Congress approved, and President Obama signed, legislation Thursday night to delay 21% payment cuts in Medicare reimbursements to physicians through May 31.  The cuts were due to go into effect on April 1, but CMS agreed to delay processing claims for 10 business days to April 15 in anticipation of last night’s action.  This is the second time this year that CMS has held claims and Congress stepped in to temporarily delay the cuts.

Since healthcare reform law has recently passed, it’s unlikely that a permanent fix to the sustainable growth rate (SGR) is near.  Come June 1, a similar temporary fix is most likely to occur, which does not sit well with physicians or the American Medical Association.

J. James Rohack, president of the AMA, said “Congress’ inability to solve this problem once and for all through repeal of the broken payment formula will hurt seniors, military families and the physicians who care for them. It is impossible for physicians to continue to care for all seniors when Medicare payments fall so far below the cost of providing care. In an informal poll, 68 percent of physicians tell AMA they will be forced to limit the number of Medicare patients they can care for. Already, about one in four Medicare patients seeking a new primary care physician are experiencing difficulty finding one.”

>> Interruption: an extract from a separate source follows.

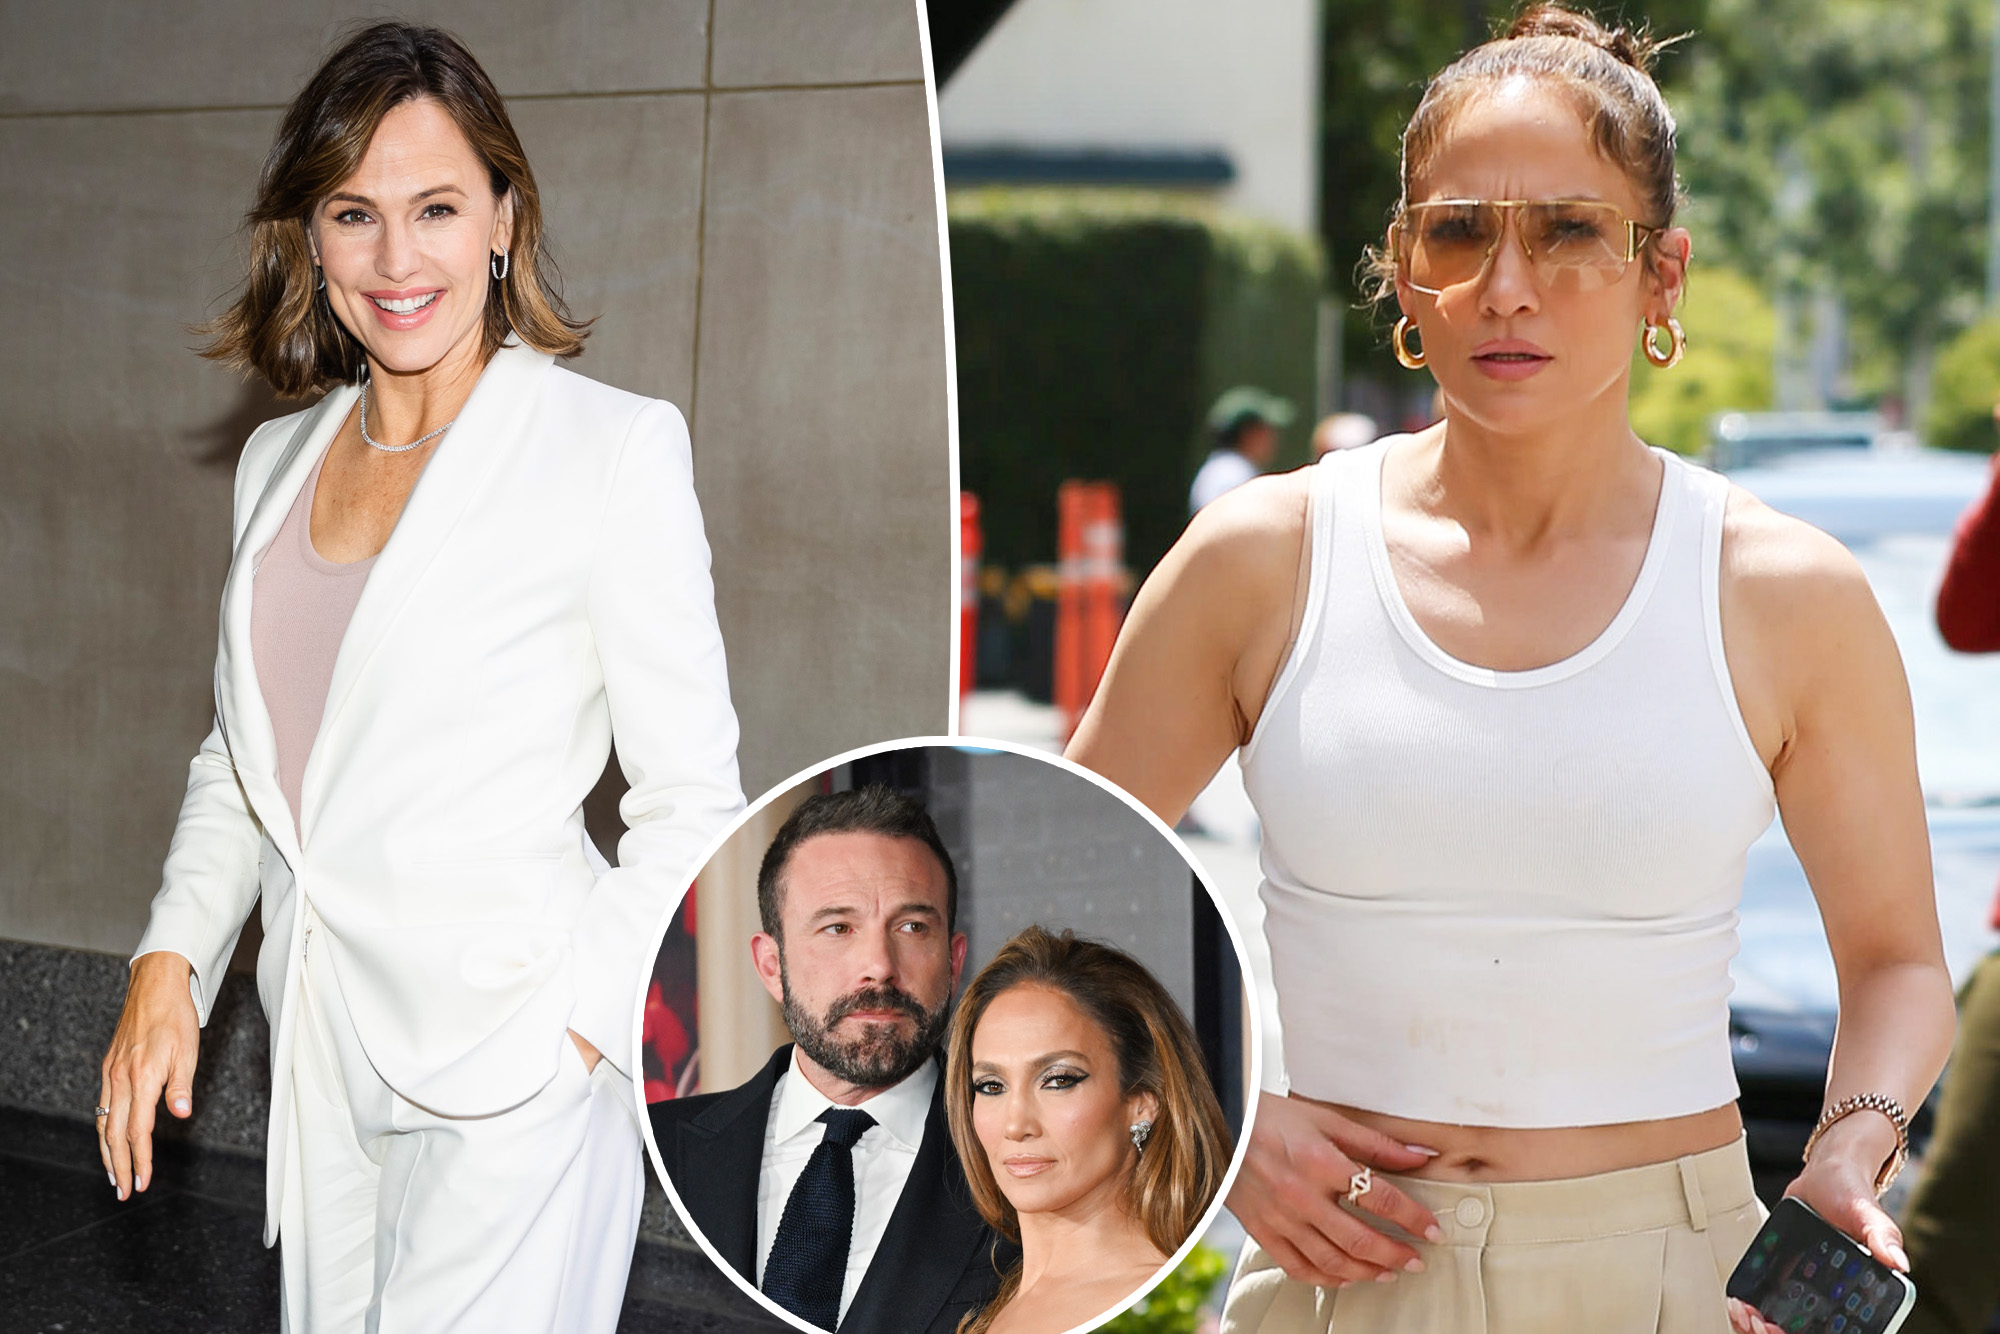 J.Lo and J.Garner: Unlikely Allies Amidst Divorce Drama - What's Really Happening Behind the Scenes?

Lori Heim, president of the AAFP, offers a practical view on the timing and (lack of) urgency by Congress.  “They are in an election year, and nobody wants to be seen as adding to the deficit. It’s politically easier for them to keep putting off the doctors, rather than allocate $209 billion that it would take to do the permanent fix over 10 years.”  She said the next opportunity for physicians who take Medicare patients to opt-out of the Medicare program is June 1. Many physicians have threatened to stop taking Medicare patients if there is no permanent fix to the SGR.

According to the AMA, fixing the Medicare physician payment problem is essential to the stability of Medicare. If Congress fails to repeal the formula, the problem will continue to grow. Seven times in seven years Congress voted not to impose cuts triggered by the flawed payment formula, putting off paying for it until another day.

Dr. Rohack said “Congress’ inability to solve this problem has not only made it impossible for physicians to keep seeing all Medicare patients, it has more than quadrupled the price of a solution for taxpayers. It’s irresponsible to continue short-term fixes just as baby boomers begin aging into Medicare next year. Congress needs to make the better fiscal decision and the better decision for seniors and repeal the formula now instead of putting it off again and increasing the price tag for America’s taxpayers.”